Digo “ainda” porque enquanto existem debates na literatura especializada que dizem ser uma questão de tempo (não de se, e sim de quando a Inteligência Artificial atingirá o mesmo nível, grau ou patamar da humana), já outros são categóricos em afirmar que a Inteligência Artificial jamais irá suplantar a inteligência humana. E, por tal motivo, até pouco tempo os estudiosos da IA não atentavam para o campo dos sentimentos e das emoções, uma vez que se alinhavam àqueles que acreditam que isso nunca será possível, por mais que a cada dia aumentem as aplicações e as capacidades computacionais das inteligências artificiais não só generativas, como preditivas também.

As IAs não estão, portanto, programadas para falar a verdade, e sim comprometidas em não deixar os usuários sem uma resposta, por mais equivocada, inusitada, limitada ou distante da realidade que possa parecer. Porém, não o suficiente a ponto de querer mentir, inventar uma resposta (alucinar) ou mesmo ser capaz de trapacear, já que não consegue discernir o certo do errado (pelo menos até que você como usuário o diga, o sistema de IA registre a sua ressalva e procure corrigi-la, encontrando outra resposta da próxima vez, mais adequada que a anterior; todavia, ainda sem noção para conseguir distinguir a verdade). Sem falar que uma resposta enviesada pode mesmo advir porque é a base de dados consultada que está incompleta ou desatualizada. Sem, portanto, a intencionalidade de iludir ou enganar.

Como conclusão, o propósito da IA (e não sua intencionalidade) que é o de gerar uma resposta, por mais que apresente sinais de inteligência, aja e responda como se tivesse. Repito, a IAG não entende o significado daquilo que está escrito ou das imagens que produz, pois não tem consciência de si, nem consciência geral. São como “papagaios estocásticos” que exibem um comportamento inteligente, mas que, na realidade, só repetem frases contidas no banco de dados, escolhendo palavras de acordo com as informações probabilísticas sobre as quais se combinam, sem qualquer referência ao significado. Logo, sem entender o que escrevem ou produzem por não terem ideia do contexto no qual são proferidas.

É por isso que alguns estudiosos vão além, ao dizer que a Inteligência Artificial não é nada inteligente (posicionamento do qual discordo, por acreditar que existem outras inteligências), mas apenas finge que é, enganando as pessoas ao fazê-las acreditar que existe um ser senciente por trás de uma máquina em um processo quase que aleatório.

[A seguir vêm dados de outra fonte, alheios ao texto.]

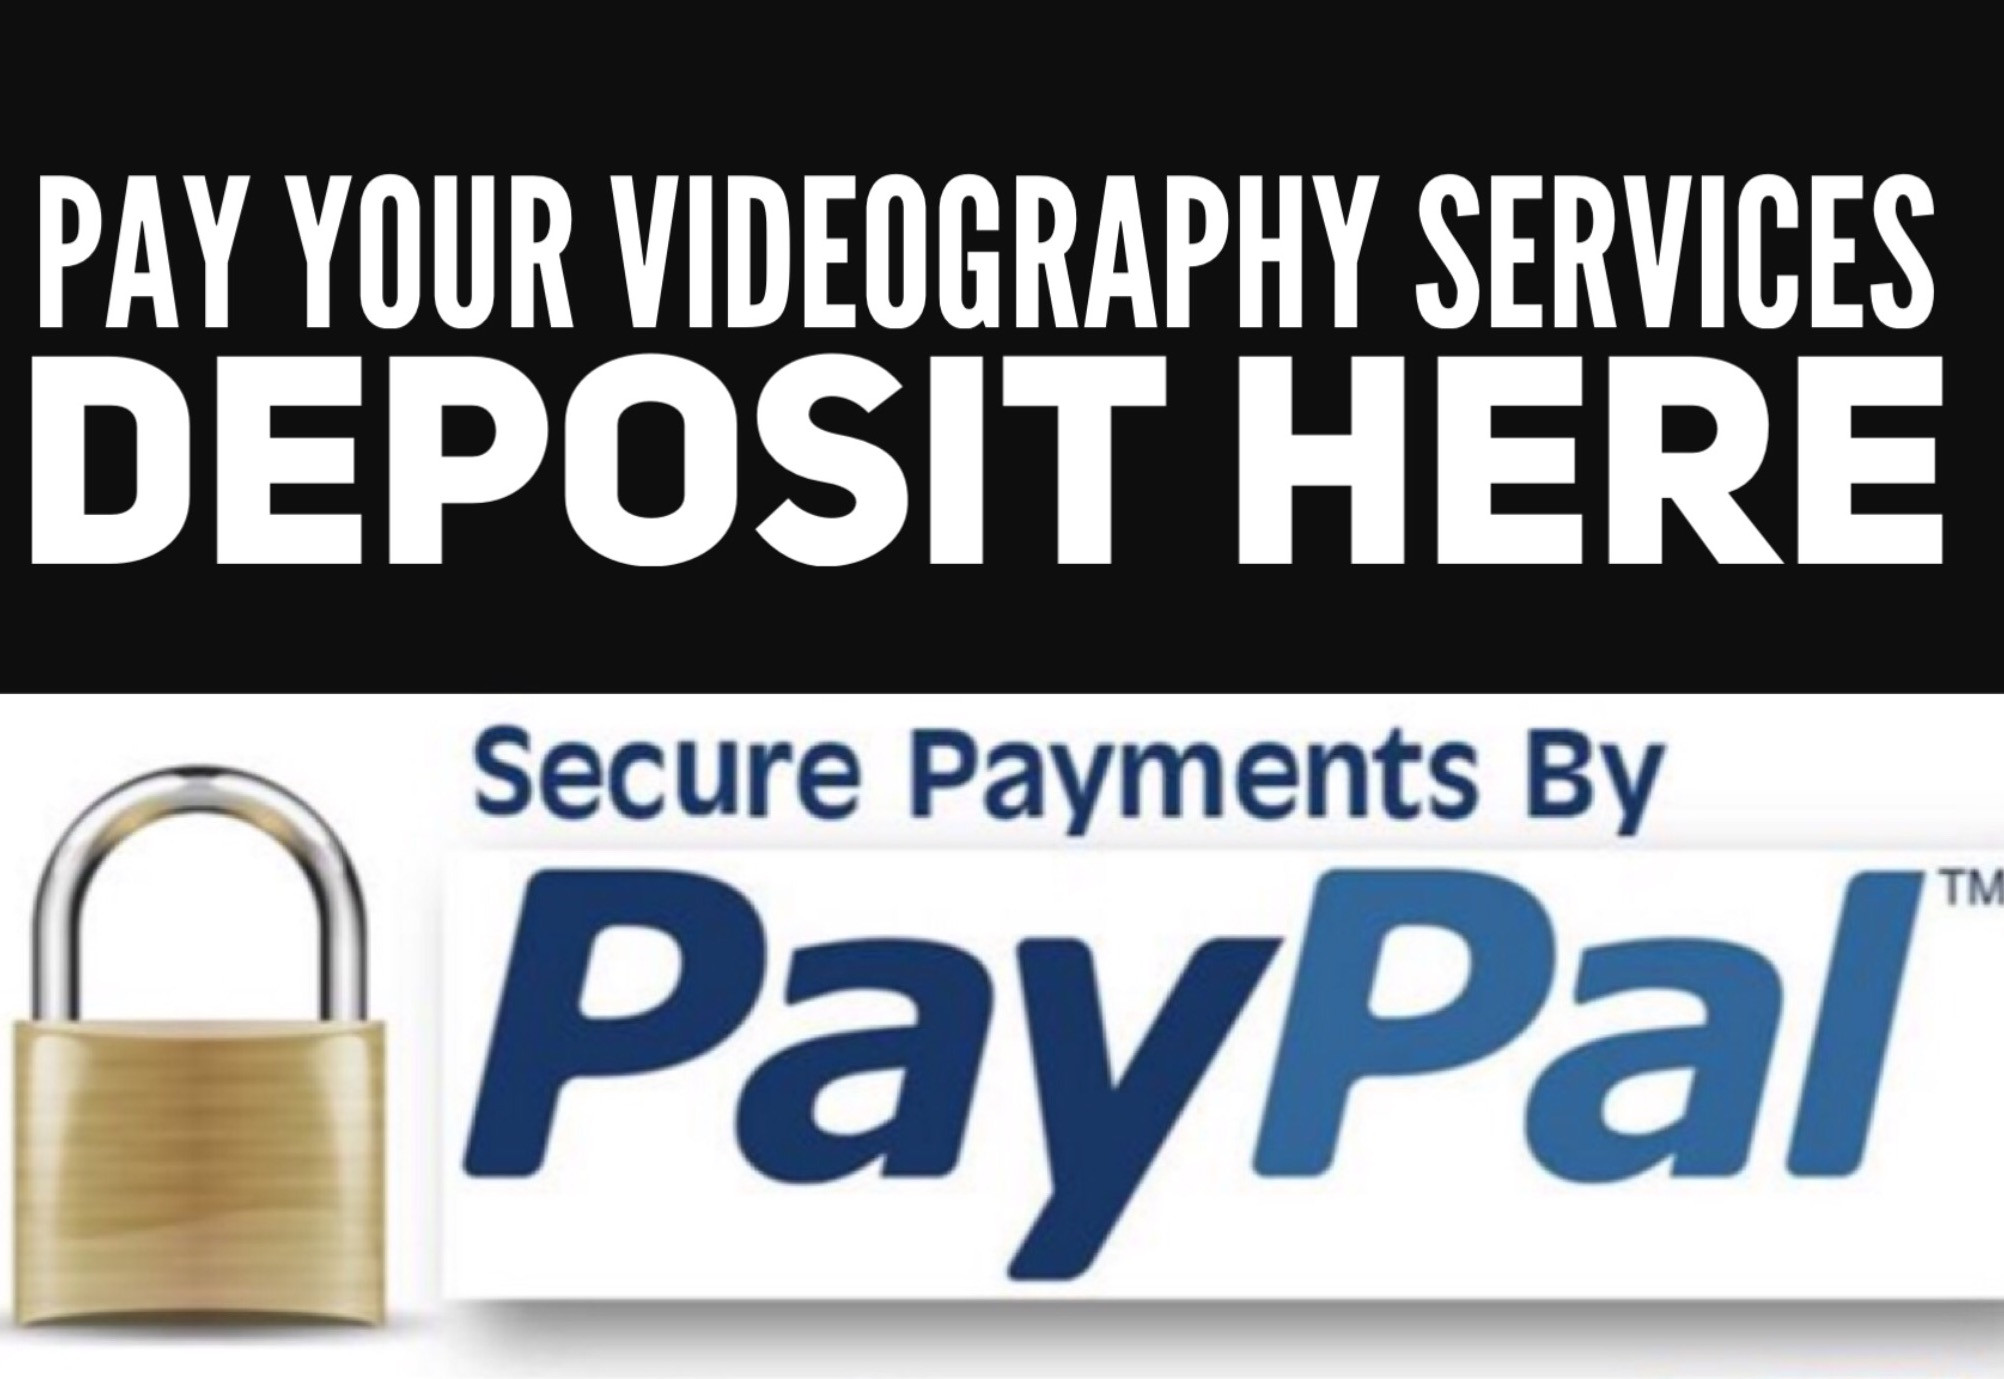 $100.00 Videography Deposit

IHU – O que significa afirmar que IAG ultrapassou o terreno da racionalidade e expandiu-se para o campo dos sentimentos e das emoções?

Anderson Röhe – Como dito anteriormente, até pouco tempo atrás os estudiosos da IA não enveredavam para o campo dos sentimentos e das emoções, uma vez que se alinhavam à corrente literária convicta que isso nunca será possível de ser alcançado, já que as máquinas operam dentro das margens da racionalidade.

Ocorre que com o advento do ChatGPT no fim de novembro de 2022 e com o consequente aumento incremental desses sistemas, as IAs da espécie generativa passaram a se distanciar das IAs tradicionais, justamente pela capacidade de, agora, gerar conteúdos novos, deixando de ser mecanismos meramente reativos a um conjunto de informações pré-existentes em grandes bancos de dados.

Até então a questão do sentir não fazia muito sentido de ser estudada, pois esbarrava no difícil problema de sua conceituação, sobretudo pelo fato de já ser muito complexo explicar o que realmente é e sabemos sobre consciência. Logo, se entre humanos já é difícil encontrar explicações satisfatórias para conseguirmos definir consciência, imagine para aqueles que não são humanos.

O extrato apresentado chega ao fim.